Alcohol consumption was measured by three indicators. Volume of alcohol use was estimated by calculating the sum of reported weekly drinks of beer, cider, wine, and spirits, and the resulting sum was divided into quartiles. Frequency of heavy drinking was measured by asking how often the respondent consumed six or more glasses of alcoholic beverages on one occasion. The response alternatives were collapsed into four groups, ranging from never to weekly or more often. Drinking problems were assessed by the CAGE questionnaire.19 A summary index was calculated, combining those with three or four positive answers.
Physical activity was assessed by the time spent in physical activities of intensity corresponding to walking, vigorous walking to jogging, jogging, and running. Each of the four questions with five response alternatives were weighted by increasing intensity of the activity to calculate metabolic equivalent tasks.20 The total activity score was divided into four groups ranging from less than 11.5 to over 37.5 metabolic equivalent task hours per week.
Healthfulness of dietary habits was measured by compliance with the Finnish national dietary guidelines.21 A summary index consisting of six items was constructed: eating fresh fruits or berries daily, eating fresh vegetables daily, eating dark bread (rye bread) daily, eating fish at least twice a week, using margarine on bread, and using vegetable oil in cooking and baking. Respondents with 0–2 and 5–6 points were combined in one category because of a small number of respondents in these categories.
Relative body weight was measured in terms of body mass index (BMI), classified into four categories: underweight (BMI<20 kg/m2), normal weight (20–24.9 kg/m2), overweight (25–29.9 kg/m2), and obesity (⩾30 kg/m2).
Statistical analyses
Logistic regression analysis was used to examine the effects of material and behavioural factors on occupational class differences in health. Managers and professionals were used as the reference category to which the lower classes were compared. Furthermore, as an overall measure of the association we computed an inequality index that summarises the class gradient into a single value.22,23 This measure was obtained from logistic regression analysis by estimating a continuous regression coefficient, and it corresponds to the average change in less than good health for one step down in the occupational hierarchy.
The effect of each material and behavioural factor on occupational class differences in health was first examined individually. Odds ratios from models including one material or behavioural factor at a time were compared with the base model including only the potential confounders (age, marital status, parental status). Percentage reduction in occupational class differences in health attributable to each material and behavioural factor was calculated as in previous studies11,24: (OR(base model)−(OR(base model + material or behavioural factor))/(OR(base model)−1)×100.
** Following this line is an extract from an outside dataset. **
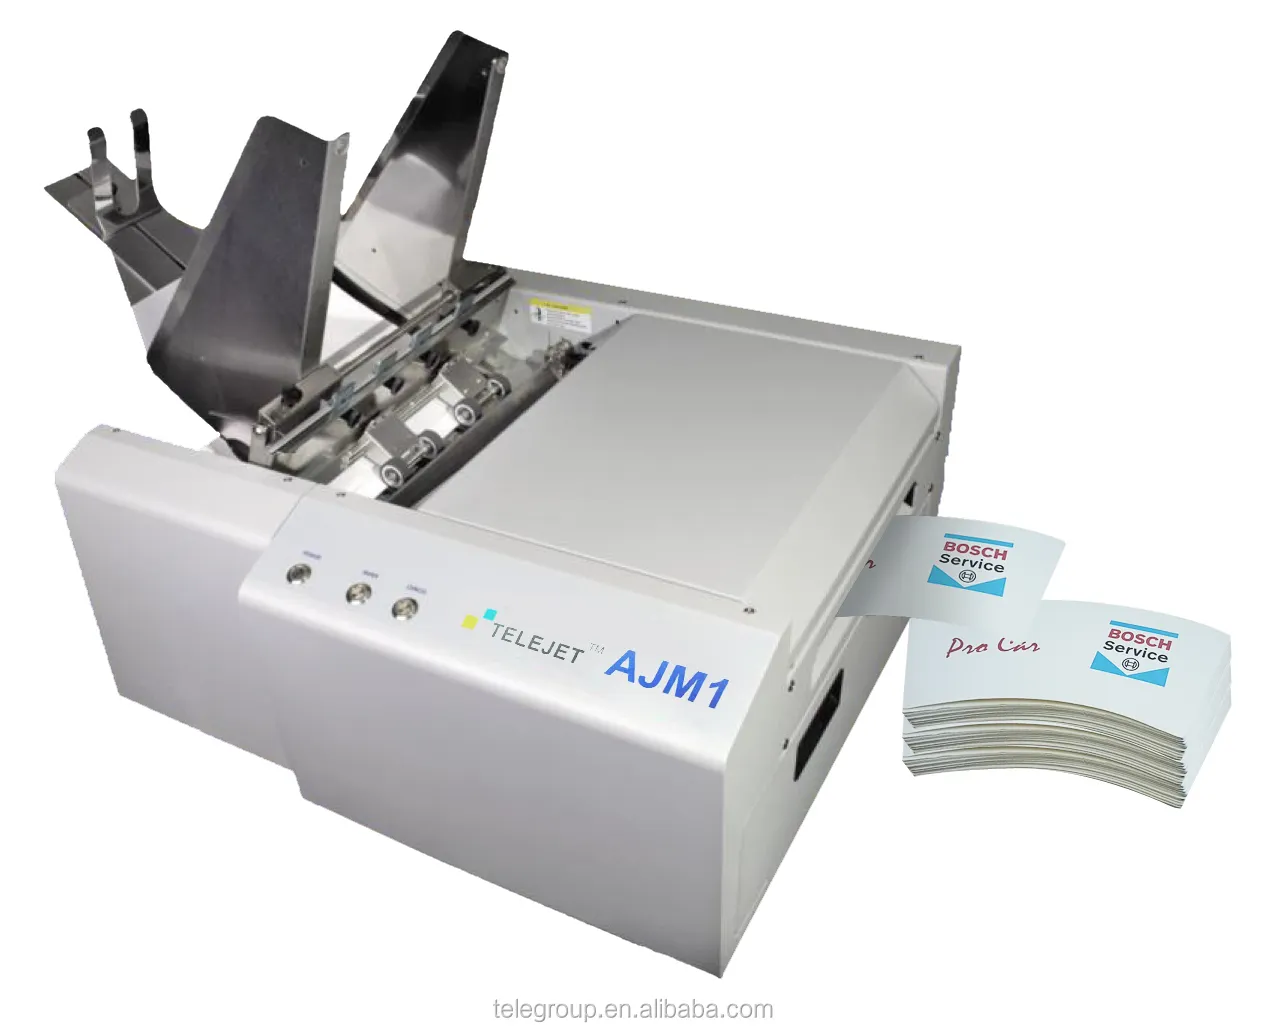 2022 alta velocidade desktop de cor completa ajm1 copo de papel ventiladores impressora máquina de copo de papel fabricante

Preliminary analyses showed that all material and behavioural factors except heavy drinking in men were associated with health. Furthermore, all material and behavioural factors except the three indicators of alcohol consumption in men and heavy drinking in women were unequally distributed across social classes. Those material and behavioural factors that in the individual analyses significantly (p<0.10) reduced occupational class differences in health were selected for the second phase of the analysis. Three models were fitted, the first including material factors, the second including behavioural factors, and the third including all statistically significant factors from both groups. Percentage reductions were calculated as described above. Independent and shared effects of material and behavioural factors were then calculated from these three models. The independent effect of behavioural factors was obtained by reducing the effect of material factors from the total effect of both material and behavioural factors. Reducing this independent effect of behavioural factors from their total effect gave the effect of behavioural factors that was dependent on unfavourable material conditions. This effect represents the shared effect of material and behavioural factors, and therefore it equals the indirect effect of material factors through behavioural factors. The direct effect of material factors, including the non-behavioural pathways through which material factors may be related health, was finally calculated by reducing the indirect effect of material factors from their total effect.
RESULTS
In both women and men, the prevalence of less than good health was twice as common among manual workers as among managers and professionals (table 1). In women, semi-professionals had the same level of health with managers and professionals, and in men there were no occupational class differences in health between semi-professionals and routine non-manuals.
Table 2 shows the contribution of individual material and behavioural factors to the occupational class differences in health among women. For semi-professionals the percentage reduction was not calculated because their health did not differ from that of the reference category. Each material factor clearly reduced the association between occupational class and health. Among the behavioural factors, smoking and relative body weight most strongly reduced occupational class differences in health, while dietary habits and alcohol use had smaller effects.
In men, financial difficulties and financial satisfaction reduced occupational class differences in health (table 3). Instead, household income and housing tenure did not have statistically significant effects. Among the behavioural factors, smoking, dietary habits, and relative body weight reduced the association between occupational class and health most clearly. In addition, drinking problems and physical activity had modest effects.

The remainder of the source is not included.